Rajesh Rajamani’s newly released short-film The Discreet Charm of the Savarnas, with its Luis Buñuel-touch to the title, takes aim at a specific sub-group of upper-castes and Brahmins – the liberals and progressives, who speak out about anti-caste solidarity but are far less forthcoming about their privileges or the consequences of their do-gooding.

Rajamani is both a film critic, primarily covering Tamil cinema, and a filmmaker. He has often written critically on how he believes the Savarna-gaze informs the stories that are told.

As a director and scriptwriter, even in his first short film, that was all of two minutes, he desisted from making his story about violence or oppression. Instead, in Lovers in the Afternoon, a young man makes amends with his irate partner by cooking her beef for lunch. This declaration that a meal of beef is a gesture of affection, that it means warmth, belonging and shared joy, quietly cautioned what was under threat if one didn’t vote wisely. Without referencing lynch-mobs or saffron terror in other parts of the country, it reclaimed beef on screen for its significance to Tamil culture. The film was produced by Pa. Ranjith and released days before Tamil Nadu went to polls during last year’s general elections.

In The Discreet Charm of the Savarnas, Rajamani falls back to satire, a form he is familiar with as the creator of the popular Facebook pages ‘Inedible India‘ (political jokes repurposing Ravi Varma and Kalighat paintings and Mughal miniatures) and ‘Fictional Subtitles‘. His resolve while writing the script, was simple he says; “deflecting the Savarna-gaze back at them.”

The protagonists, Dilip, Aruna and Swaminathan, a trio of independent filmmakers, look for a last-minute replacement to their nameless “Dalit character”. Shot entirely in English, the film lambasts the privileged, upper-class, urban liberal world they so clearly come from. They squabble about political correctness, quote Angela Davis with ease, decide on a whim that a female-led film may be just as good as a male-led one, but befuddled by her looks, tell a Dalit woman that she’s too beautiful for the role.

They keep up a cascade of similar absurd conversations; their panic mounts as the deadline approaches and they grudgingly settle on an actor. Their film gets made. It’s plainly on caste. It’s shown at Goethe Zentrum. Suffused in the post-screening debates by cultural elites, they accept the adulation for the “boldness” of their casting-choice without self-examination.

Rajamani tells me why he felt the need to ridicule this group of Savarnas in particular:

“There’s not much to achieve in mocking those who assert caste hierarchies through open violence. There’s nothing to satirise there. With progressive or liberal upper-castes and Brahmins, there’s a damage they do, that is far-reaching. A Brahmin who speaks out about caste oppression, becomes a super-Brahmin. They’re elevated above their casteist communities, because they are known for being Brahmin and outspoken.”

The consequences, according to him, are that “they take up cultural and academic spaces and claim their positions amplify the cause. They’re rewarded for their actions, but they will also continue to amass the advantages of the castes they are born into. Their anti-caste solidarity gives them credentials. Their radicalism affords them popularity.”

This happens at the cost of edging out of Dalit, Adivasi and Bahujan voices and is distressing Rajamani explains; it creates a narrative in which the word caste itself becomes synonymous with communities that face discrimination. “It’s a very convenient position to focus on atrocities. Savarnas who do that can then occupy a moral high-ground. They’ve talked about the ‘the oppressed’. Why do they never examine instead, the people who actually keep the system of caste running?”

By dedicating, cultural and academic spaces that address caste, to spectacles of oppression, Rajamani tells me, that Savarnas end-up becoming upholders of the caste structure themselves. The comic incongruities that he throws into his film demonstrate the vast expanse between the world of Savarna liberals and progressives and the one they repeatedly declare solidarity with. This disparity becomes evident, in his view, particularly in cultural and academic circles where caste is discussed extensively.

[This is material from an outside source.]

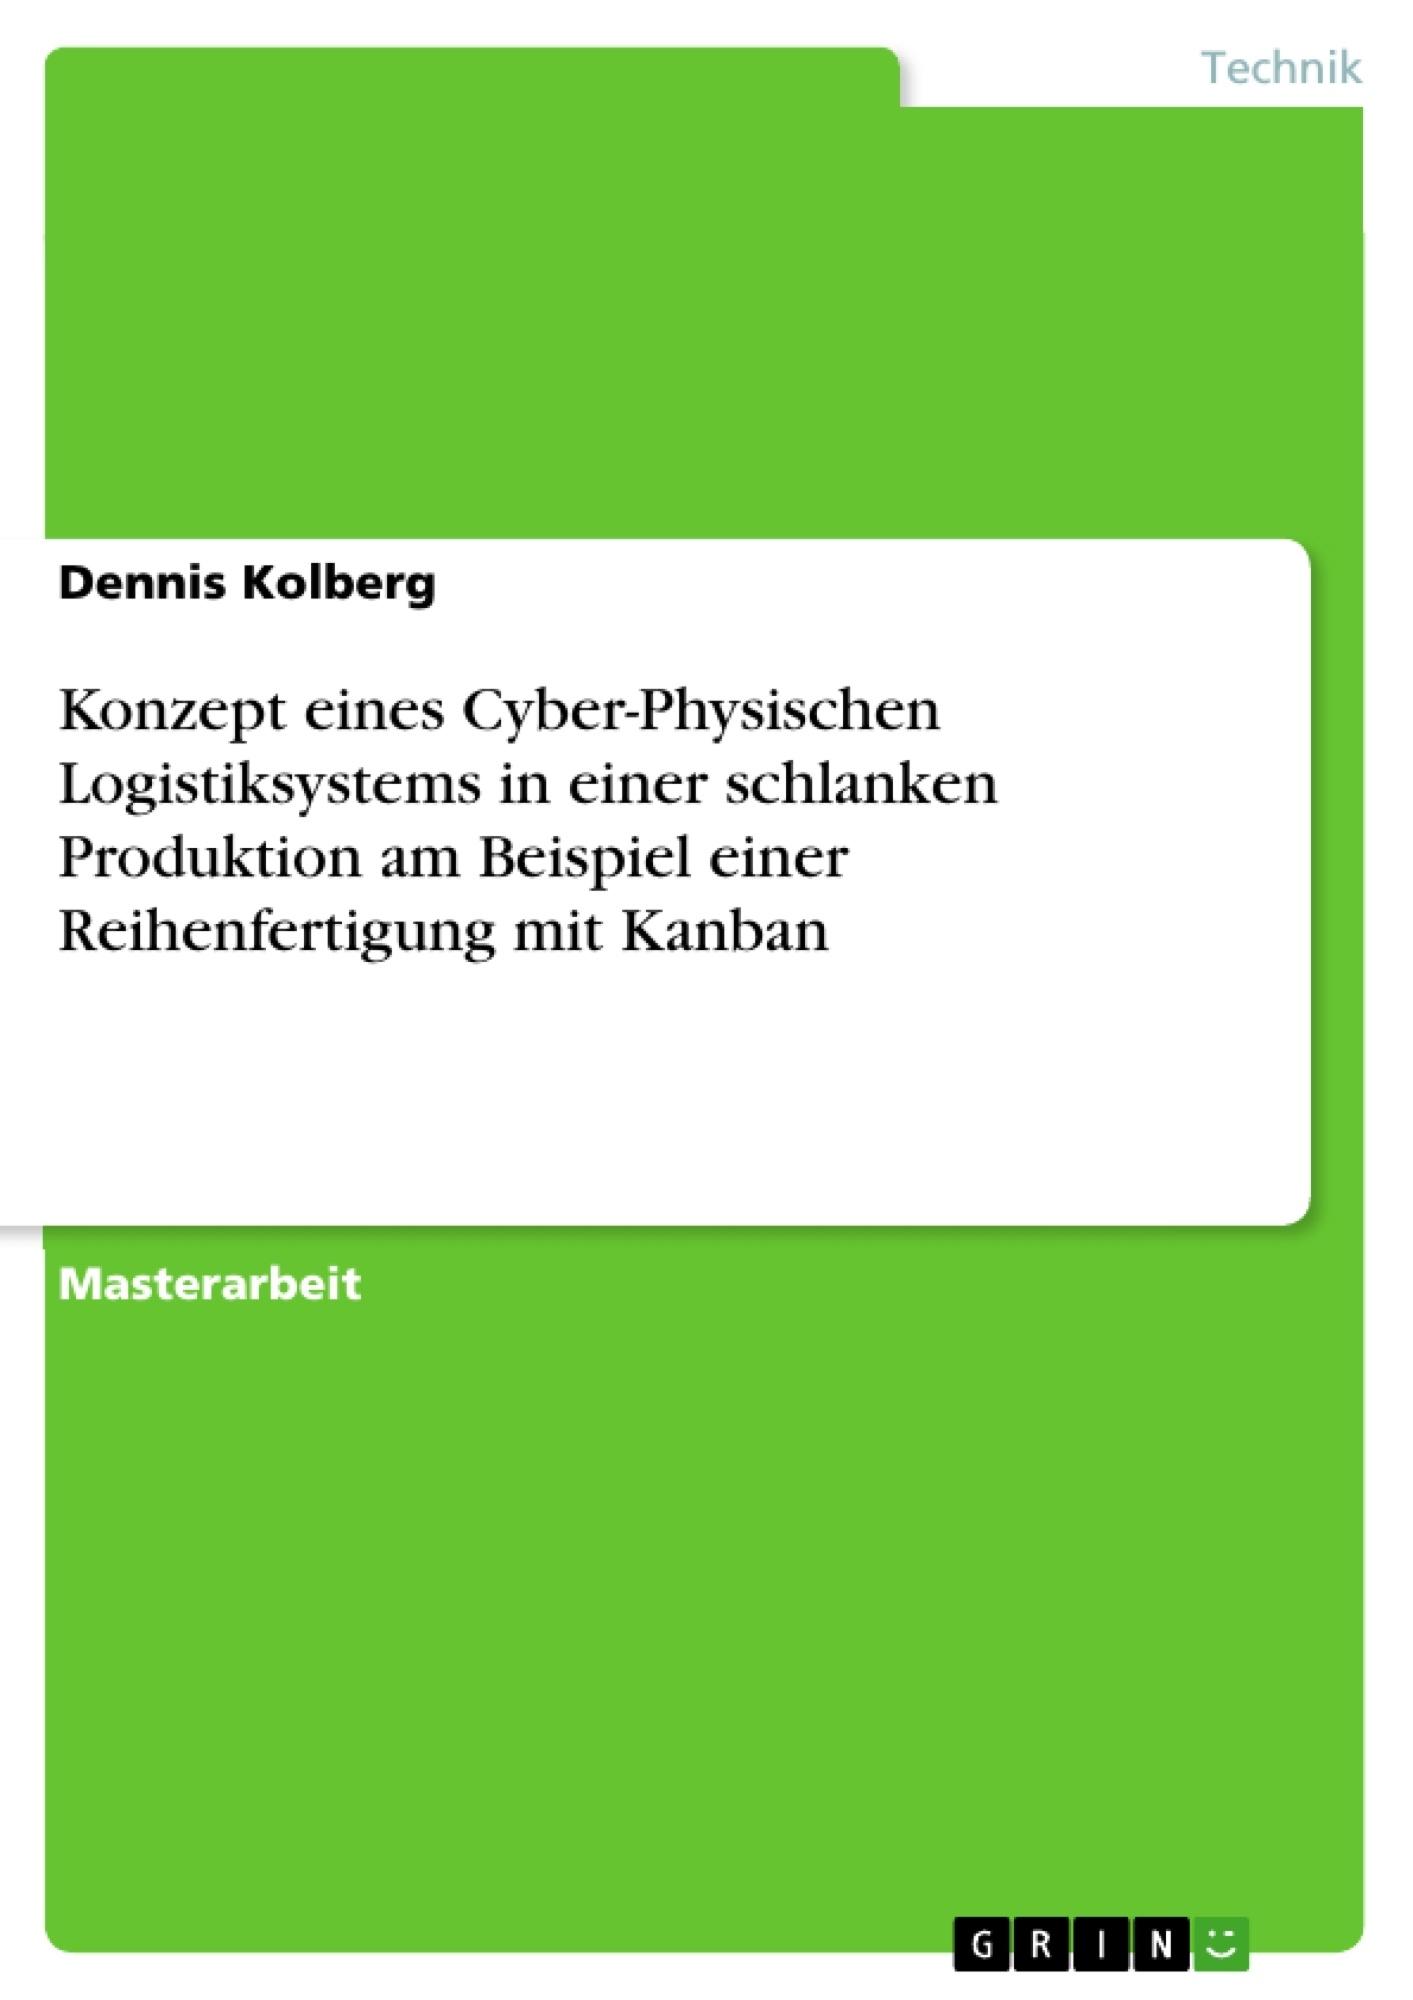 Titel: Konzept eines Cyber-Physischen Logistiksystems in einer schlanken Produktion am Beispiel einer Reihenfertigung mit Kanban

Also Read: The Anti-Caste Film in English Is a Genre in the Making

Caste, hierarchy and violence

“Why does talking about caste, like in cinema for example, always mean talking about manual scavenging, honour-killings, sexual assault on Dalit and Adivasi women, without focusing on the communities that enforce this violent hierarchy. Hierarchies are enforced by those higher up, so the gaze should be on them,” says Rajamani, adding that he wanted his film to symbolise the people who endorse such a skewed picture; one that is too often self-congratulatory, and moulded by the vocabulary of upper-caste radicalism.

These are hard-hitting concerns that he tempers with farce in his film. Dilip – who is obsessed with African-American writers Toni Morrison, Ta-Nehisi Coates, James Baldwin – languidly extols: “How he [Baldwin] shaped the social alienation of the protagonist” in Giovanni’s Room, but grumbles in his cab about traffic jams and “fringe-groups”, oblivious to the Ambedkar Jayanti celebrations on the streets.

Aruna is so stricken by her fervour for political correctness, it verges on fanaticism. Yet she unfazedly wonders aloud if her friend at TISS “doing his research on Dalits, may know a Dalit?”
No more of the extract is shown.